The Real False Narrative around the Moon Landings and Human Space Travel
Not a Triumph of "government SCIENCE(!)" - not by a long shot - but not fake, either
I really don’t have time for this kind of nonsense, but… once I get sucked in, my inner sperg-iness kicks in and I have to do my own version of “ack-CHUALLY” because I happen to know something about the subject at hand. And I can’t stand watching more ignorance make its way out into the world and infect decent minds with its utter inanity, even if its rhetorically cute and enjoyable.
Let me start by first saying that I enjoy a good conspiracy theory as much - and probably more than - most. I’ve lived several of them and I promise you my al-u-minium chapeau is at least as well-worn as yours. Matthew Louis wrote a piece for something called “Gallows Humor Mag” about the moon landing being faked and how that idea has caught on in “right-wing” blogosphere. It’s evidently caught on sufficiently that Matt Walsh of the Daily Wire felt compelled to weigh in on the subject and rail about it. (Disclaimer: I haven’t read Walsh’s piece, nor am I going to - I’m already far and above over my allotment of wasted time this week on this piece).

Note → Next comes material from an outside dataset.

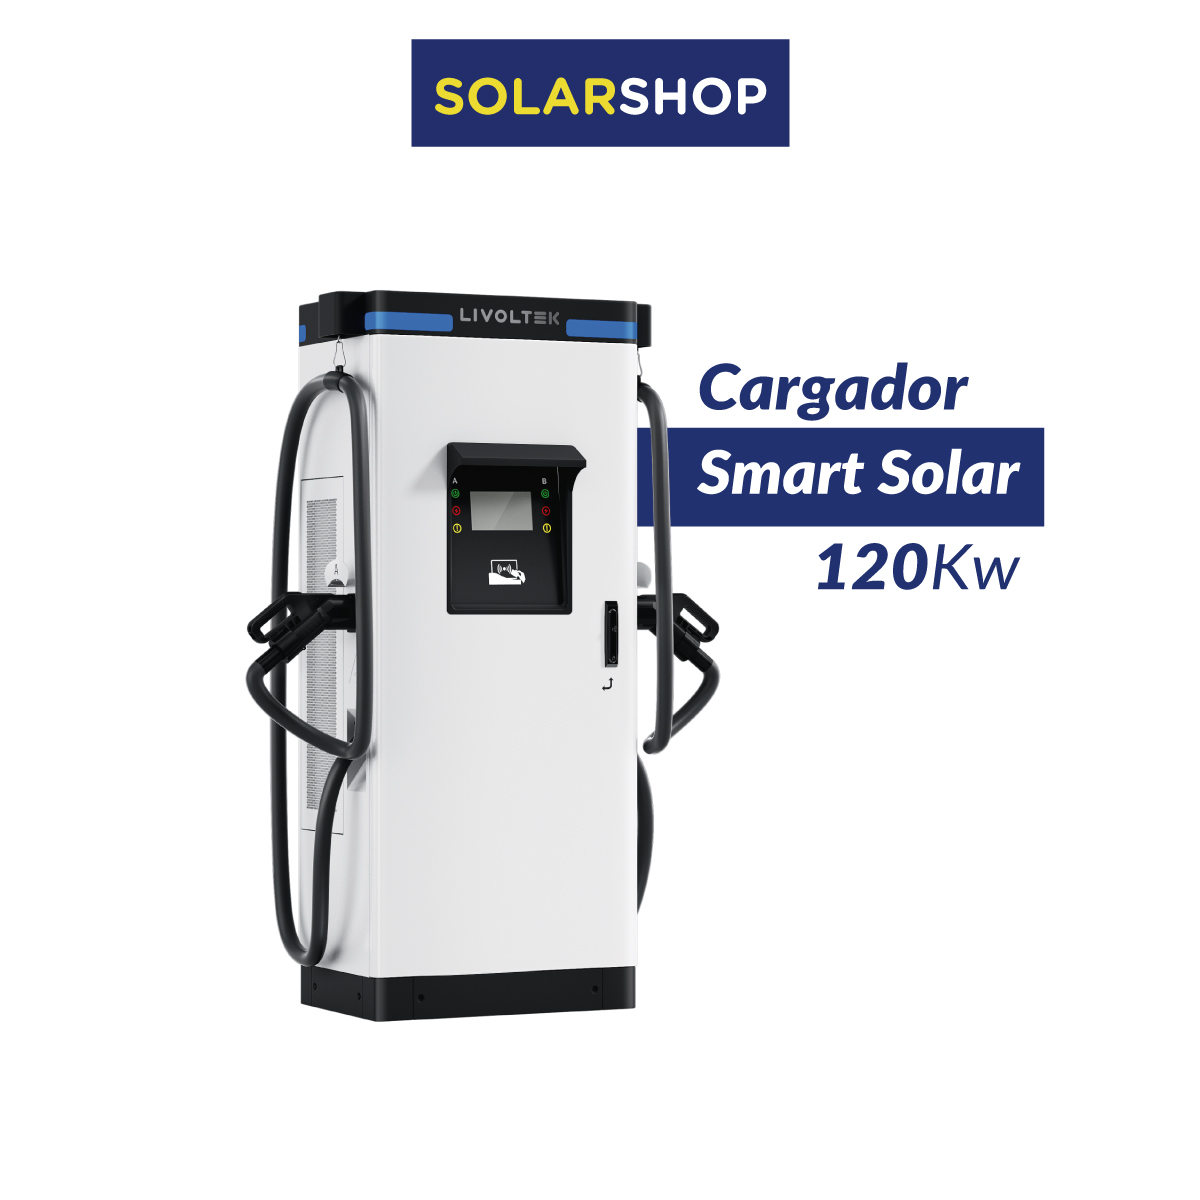 Cargador Smart Solar - 120kW

In my defense, the Gallows Humor piece has a great image on the article in the substack reader on my phone that doesn’t show up in this clip above, so I’m going to post it as part of my defense for why I went sort unintentionally down this hole of vacuousness in the first place.
Let me also say I enjoyed Matt Louis’ piece. I had several good chuckles. I enjoyed, for instance, several of the rhetorical tricks he uses to suggest that maybe-just-maybe-the-mouthbreather-conspiracy-wingnuts have a point about the so-called “lunar landing” while simultaneously suggesting that he’s smart enough to know better…maybe. But then I made the mistake of saying something “real” in the comments…Oy.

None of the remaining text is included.